== The problem ==
If pictures appear, leave them out, and return exactly the lines from the one holding "AL-7605B-WG-A, Onn Wi-Fi" through the last line of the listing below.

== Supplied material ==
======

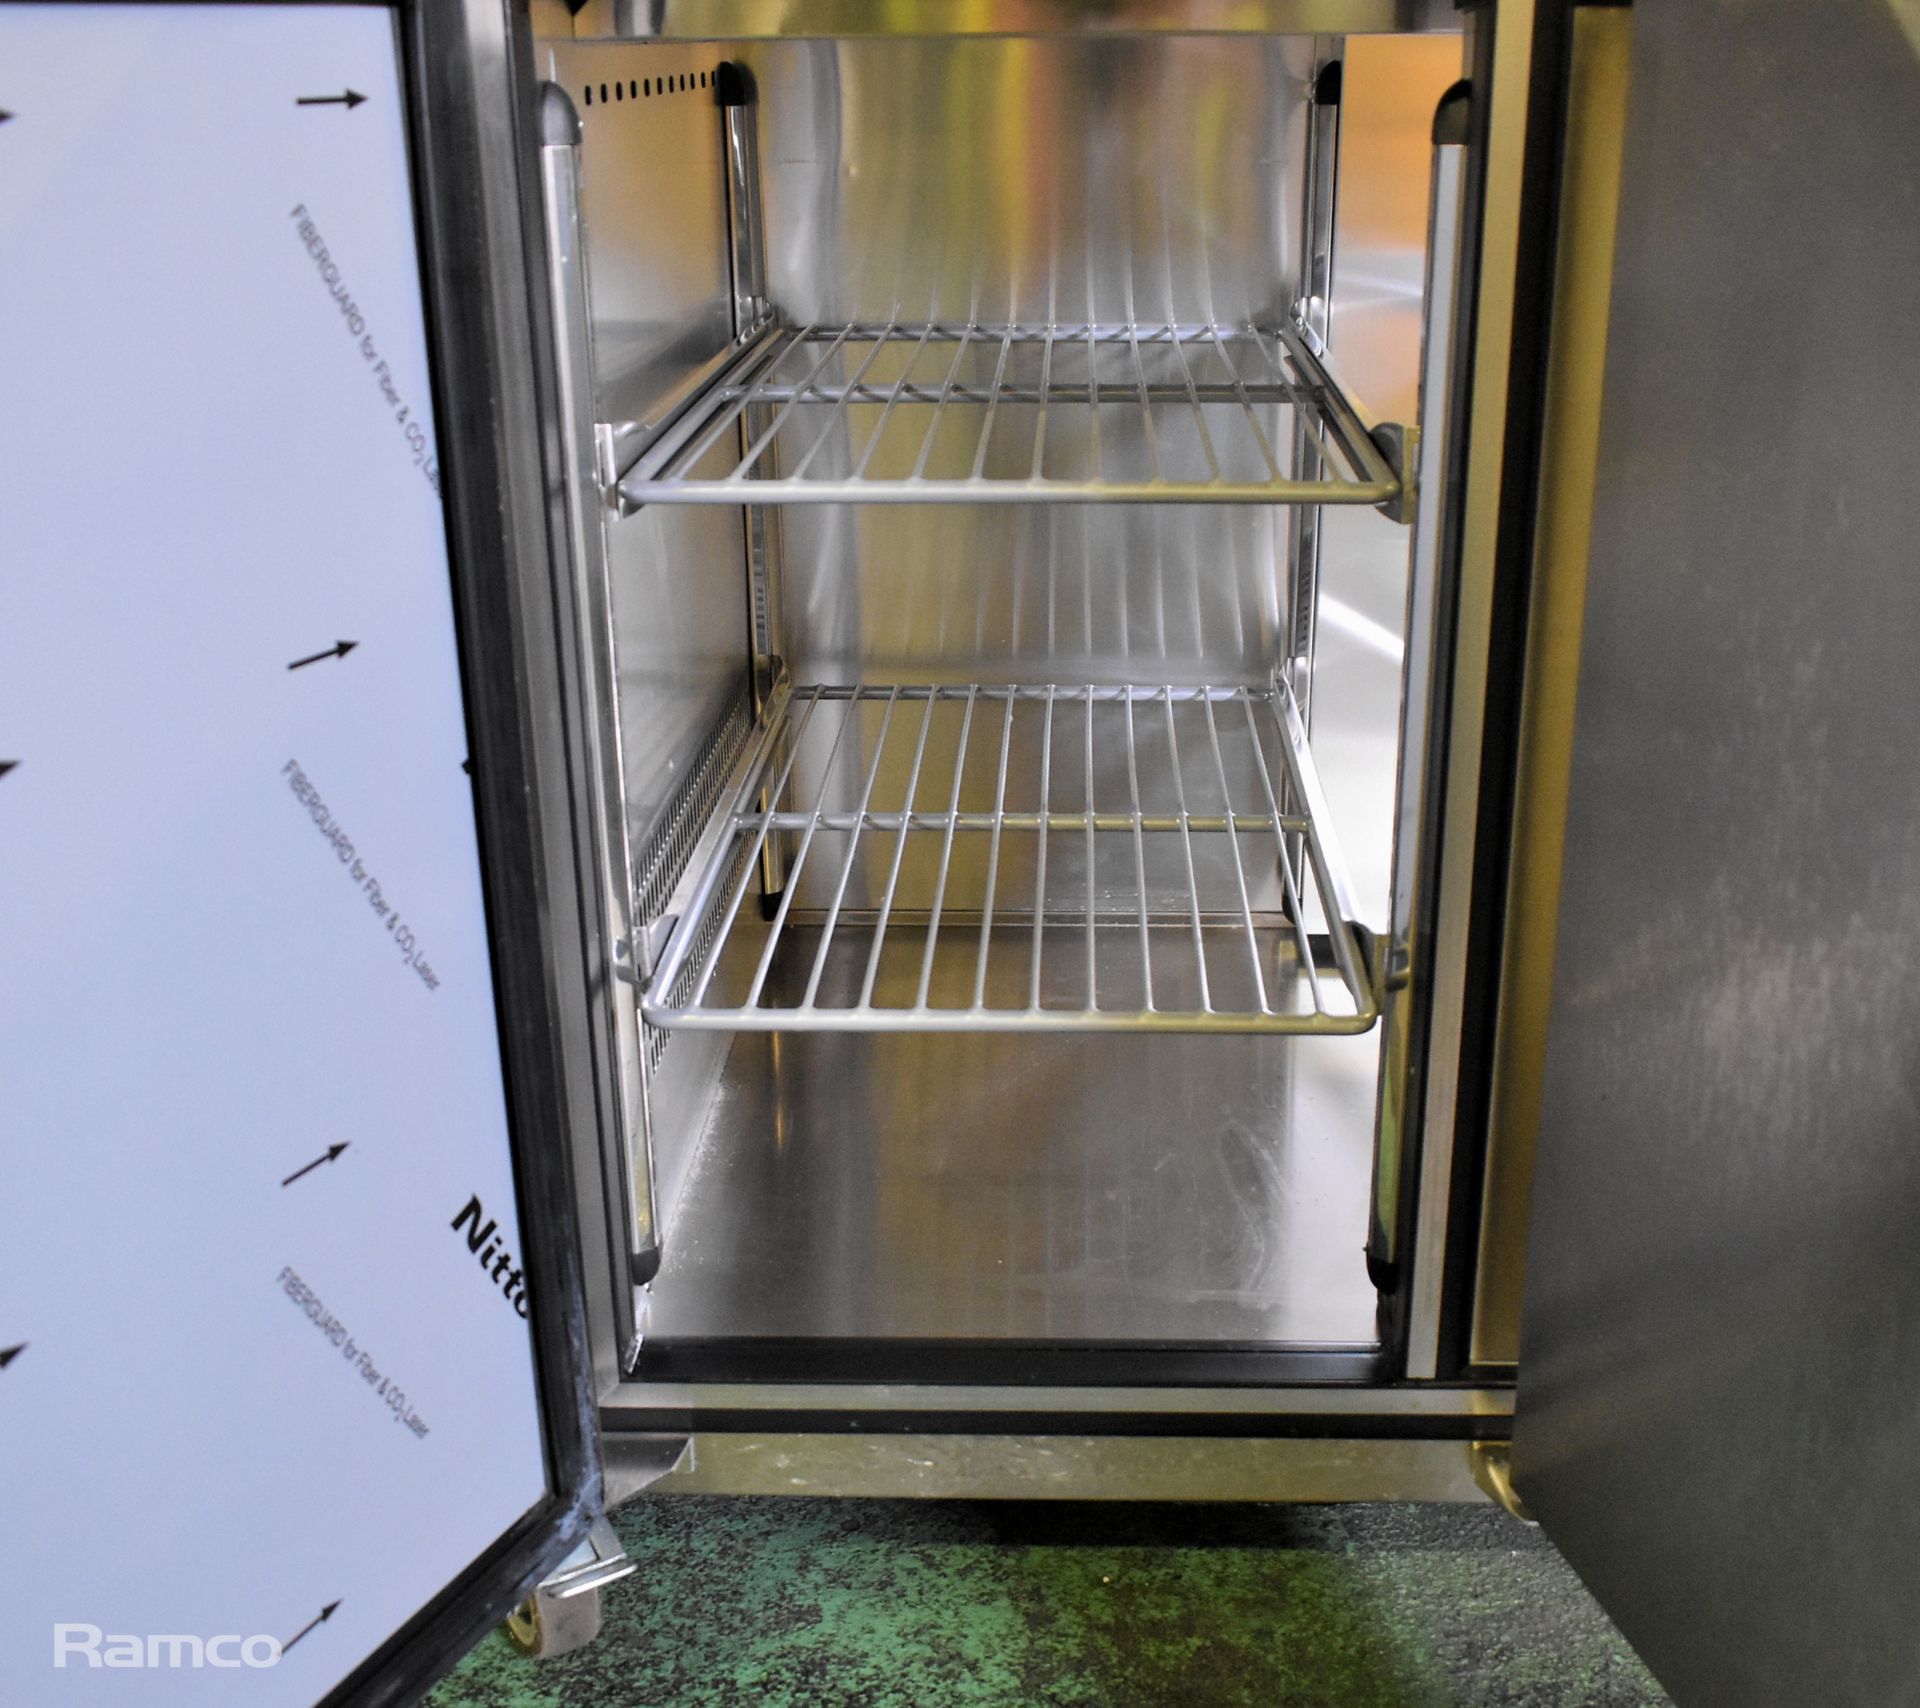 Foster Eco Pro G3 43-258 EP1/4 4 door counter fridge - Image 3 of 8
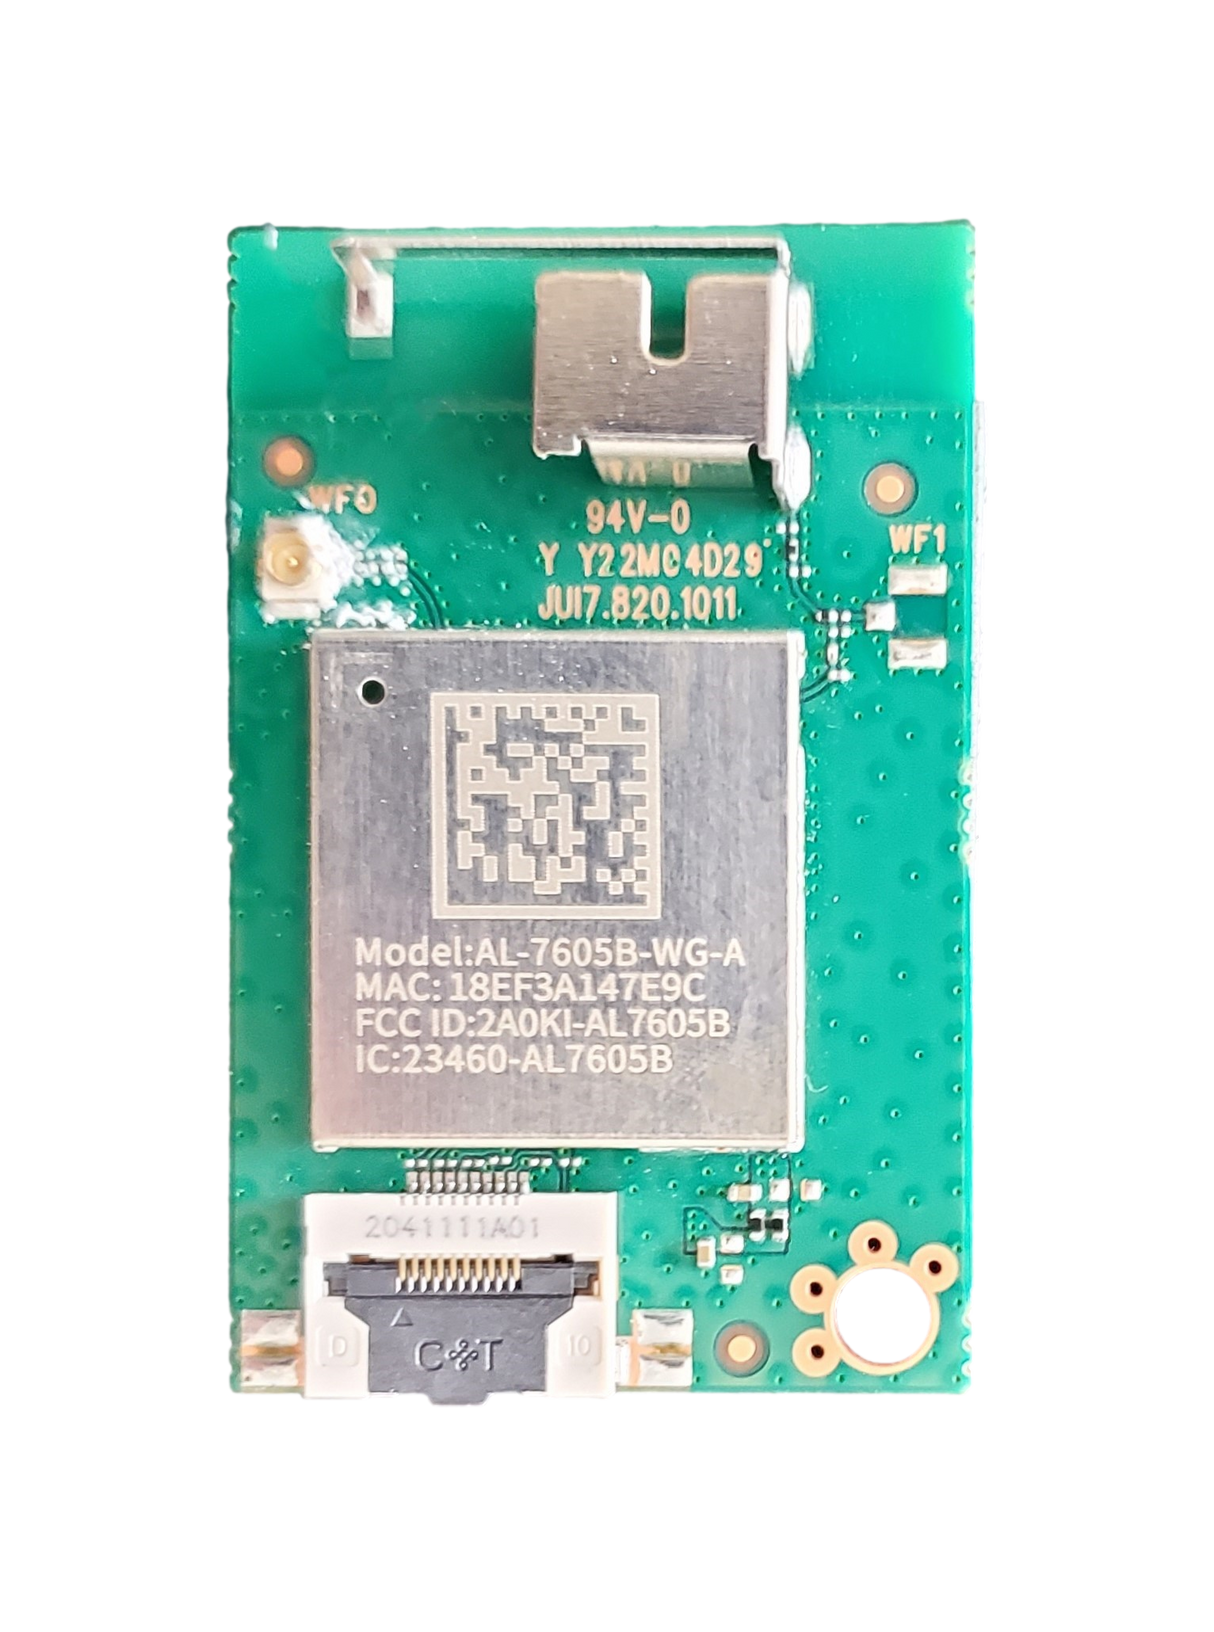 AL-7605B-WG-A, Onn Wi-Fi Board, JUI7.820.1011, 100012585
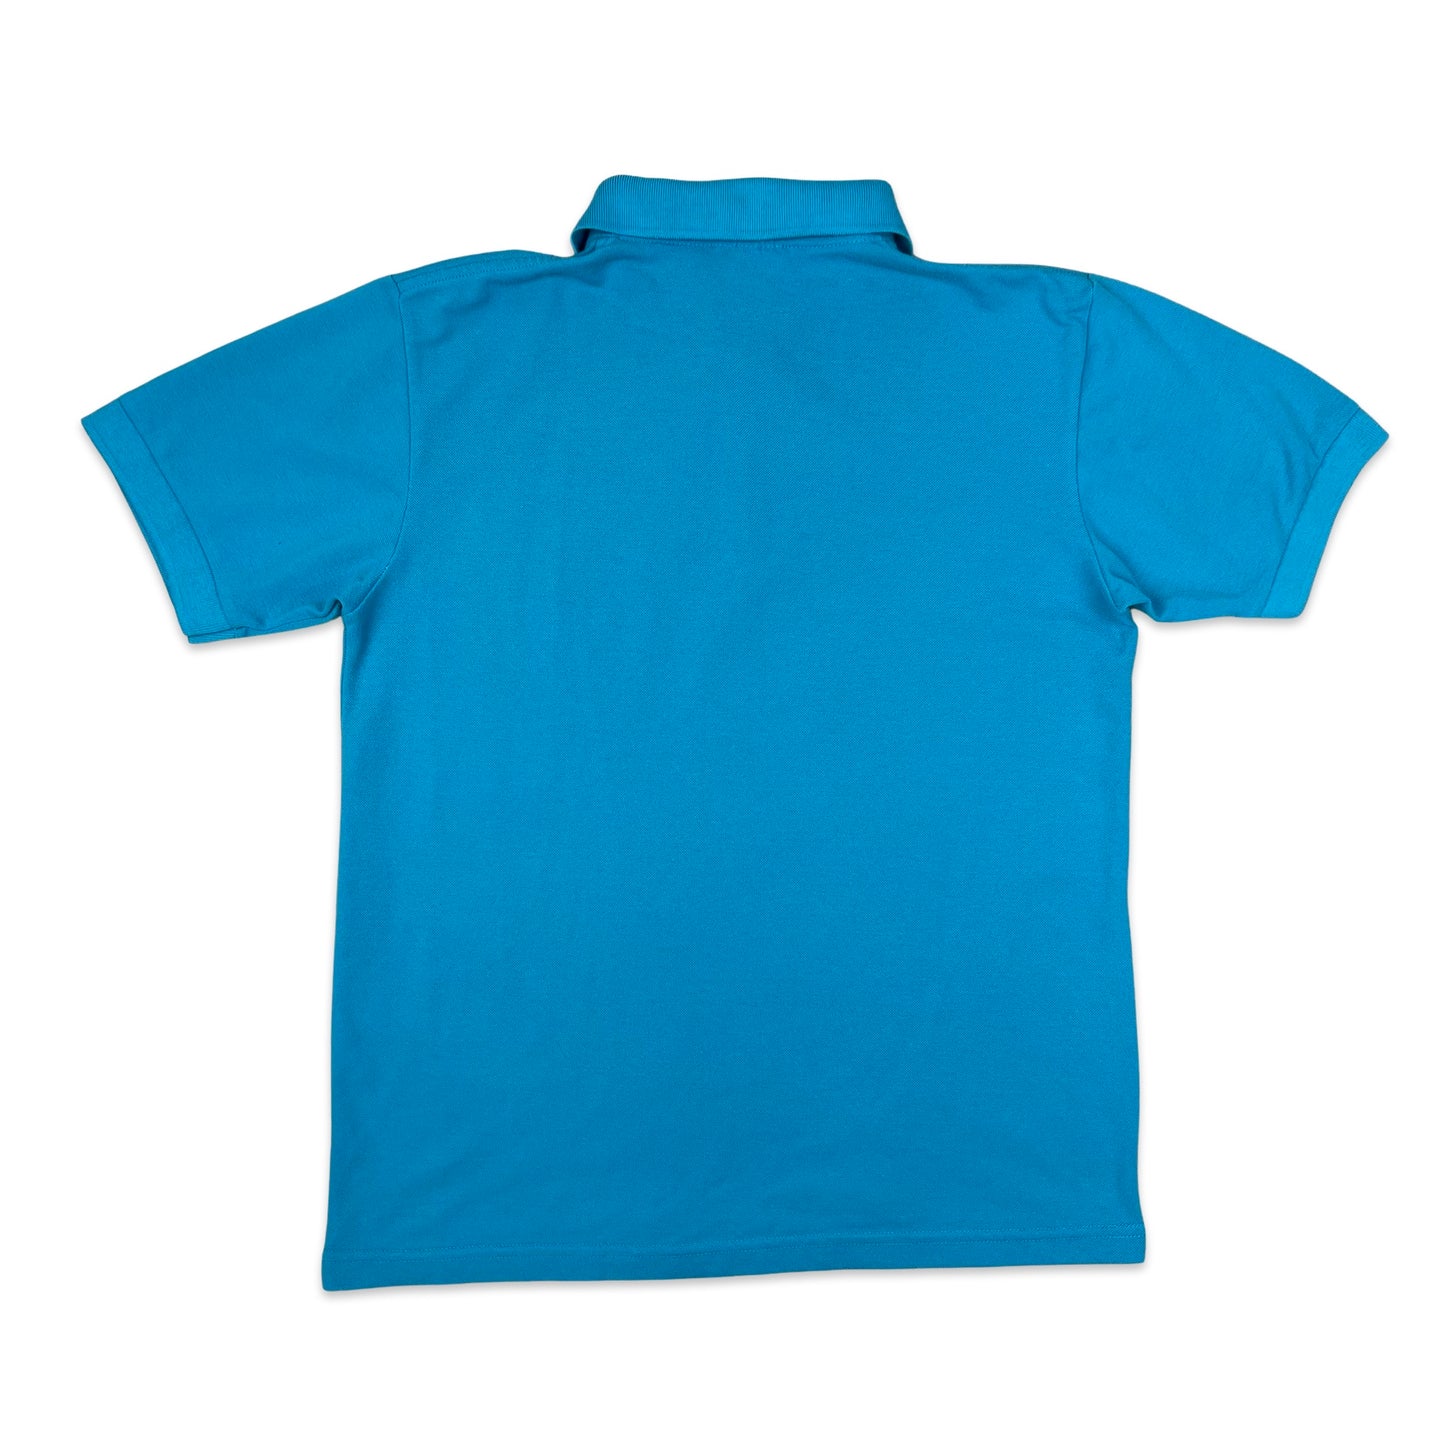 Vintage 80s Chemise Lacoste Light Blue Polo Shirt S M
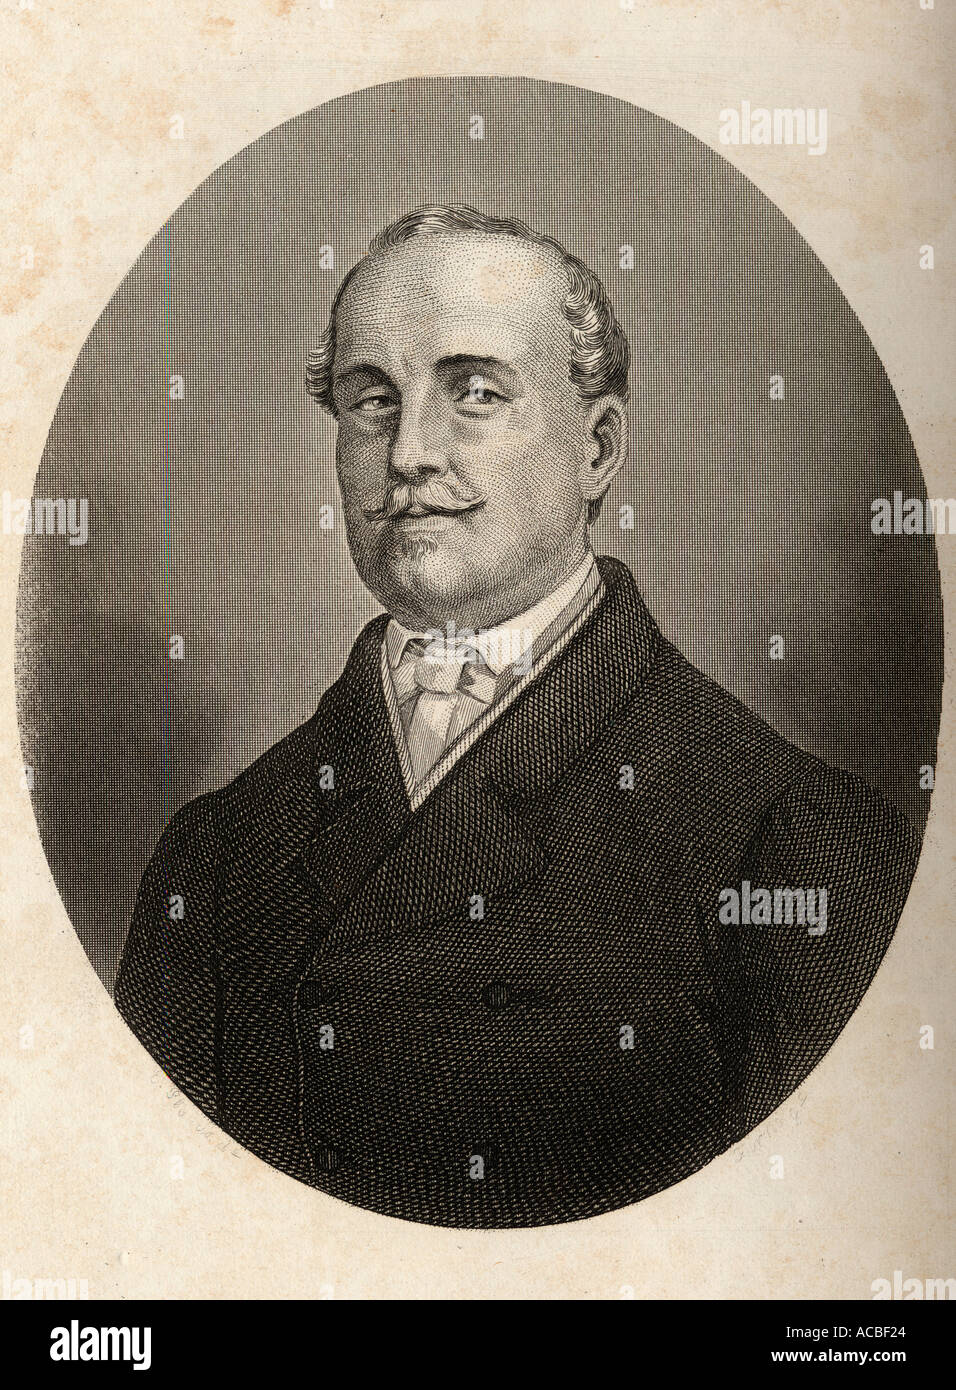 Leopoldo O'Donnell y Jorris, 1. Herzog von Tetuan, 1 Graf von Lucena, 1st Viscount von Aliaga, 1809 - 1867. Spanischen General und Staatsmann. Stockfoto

======

== Reply to the task ==
 AL-7605B-WG-A, Onn Wi-Fi Board, JUI7.820.1011, 100012585
 Vintage 80s Chemise Lacoste Light Blue Polo Shirt S M
 Leopoldo O'Donnell y Jorris, 1. Herzog von Tetuan, 1 Graf von Lucena, 1st Viscount von Aliaga, 1809 - 1867. Spanischen General und Staatsmann. Stockfoto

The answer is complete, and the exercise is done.